Single-molecule fluorescence resonance energy transfer (smFRET) is widely used to investigate dynamic (bio)molecular interactions occurring over distances of up to 10 nm. Recent advances in super-resolution methods have brought their spatiotemporal resolution closer towards the smFRET regime. Although these methods do not suffer from the spatial restrictions of FRET, they only visualize one emitter at a time, thus making it difficult to capture fast dynamics of the interactions. Here we describe two approaches to overcome this limitation in pulsed-interleaved MINFLUX (pMINFLUX) microscopy by using its intrinsic fluorescence lifetime information. First we combine pMINFLUX with smFRET, which enables tracking a FRET donor with nanometre precision while simultaneously determining its distance to a FRET acceptor, yielding the acceptor position by multilateration. Second, we developed pMINFLUX lifetime multiplexing—a method that simultaneously tracks two fluorophores with similar spectral properties but distinct fluorescence lifetimes—to extend co-localized tracking beyond the FRET range. We demonstrate applications on DNA origami systems as well as by imaging the paratopes of an antibody with precision better than 2 nm, paving the way for nanometre precise co-localized tracking for inter-dye distances between 4 nm and 100 nm, and closing the resolution gap between smFRET and co-tracking.

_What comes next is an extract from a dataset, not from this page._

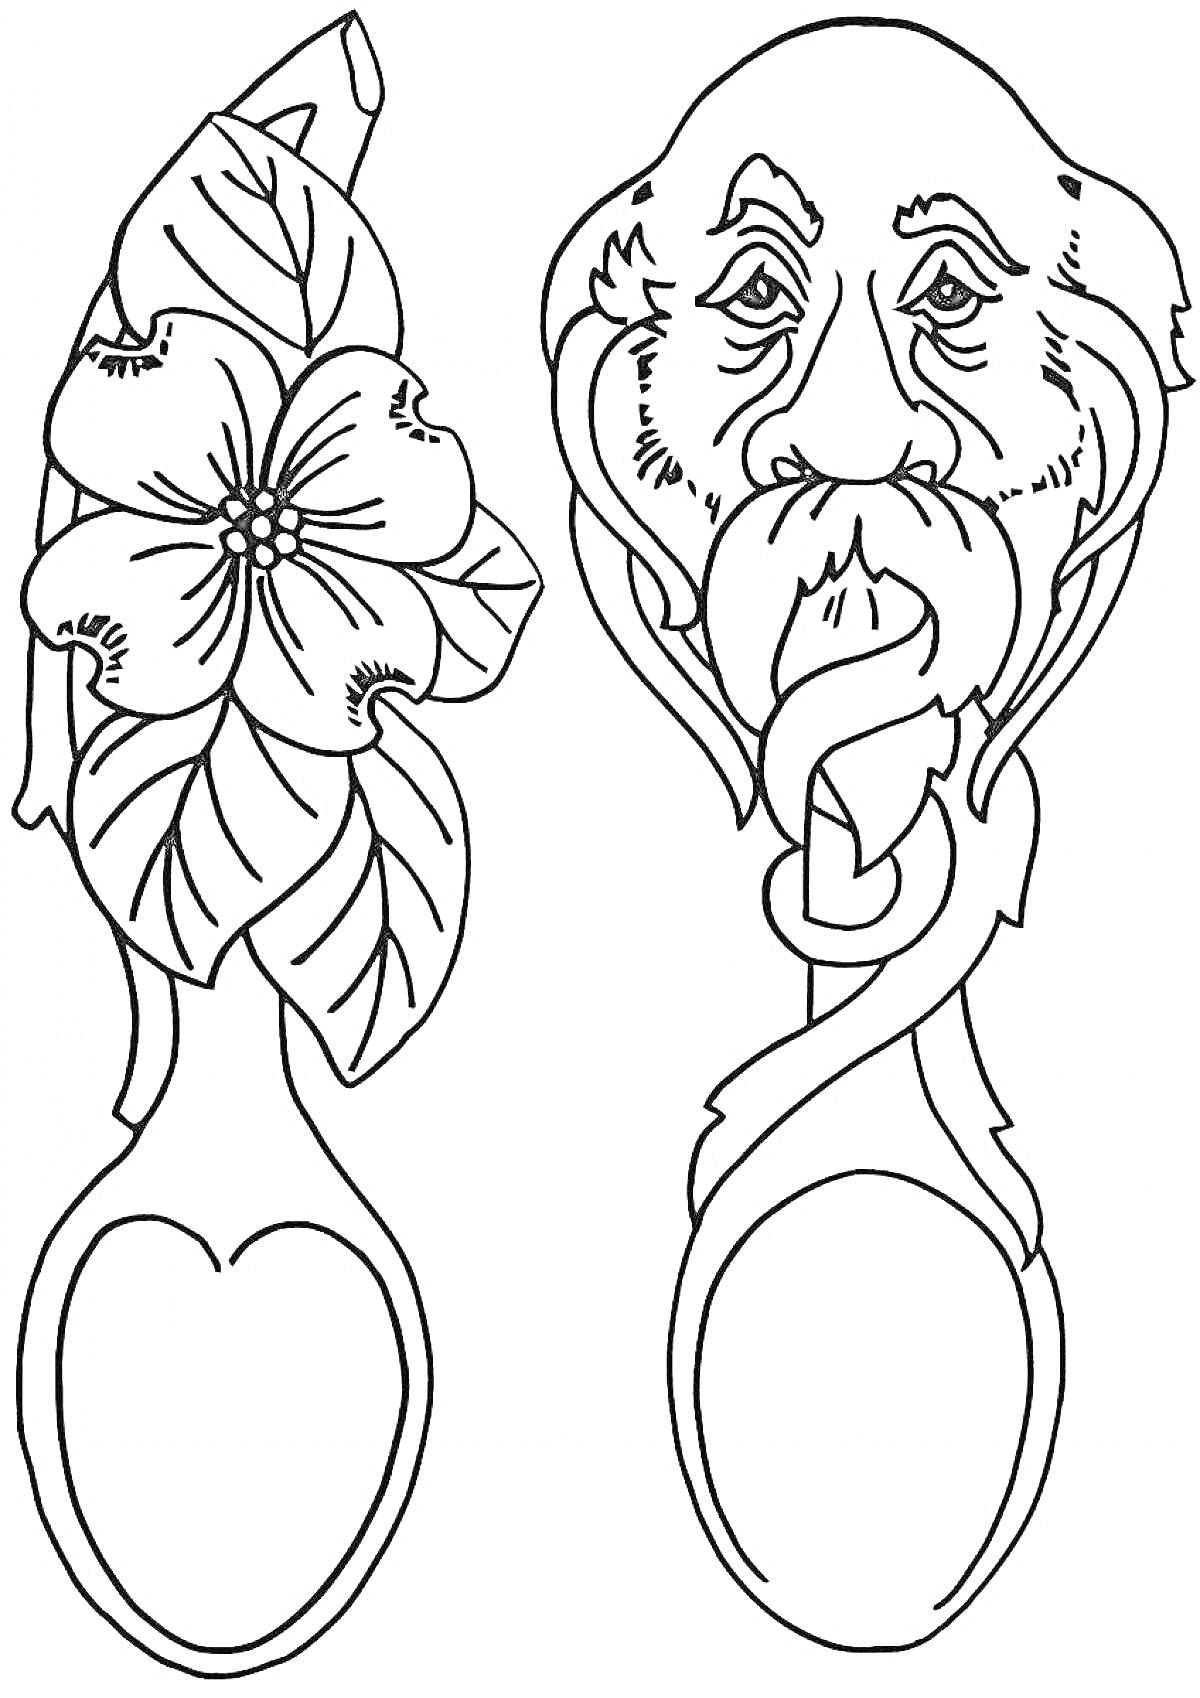 деревянные ложки с цветком и лицом старика

单分子荧光共振能量转移 (smFRET) 广泛用于研究在长达 10 nm 的距离内发生的动态（生物）分子相互作用。超分辨率方法的最新进展使其时空分辨率更接近 smFRET 体系。尽管这些方法不受 FRET 的空间限制，但它们一次只能可视化一个发射器，因此很难捕获相互作用的快速动态。在这里，我们描述了两种方法，通过利用其固有的荧光寿命信息来克服脉冲交错 MINFLUX (pMINFLUX) 显微镜中的这一限制。首先，我们将 pMINFLUX 与 smFRET 结合起来，从而能够以纳米精度跟踪 FRET 供体，同时确定其与 FRET 受体的距离，从而通过多边测量得出受体位置。其次，我们开发了 pMINFLUX 寿命多重分析（一种同时跟踪具有相似光谱特性但不同荧光寿命的两种荧光团的方法），以将共定位跟踪扩展到 FRET 范围之外。我们演示了在 DNA 折纸系统上的应用，以及以优于 2 nm 的精度对抗体互补位进行成像，为 4 nm 至 100 nm 之间染料间距离的纳米精确共定位跟踪铺平了道路，并缩小了分辨率smFRET 和协同追踪之间的差距。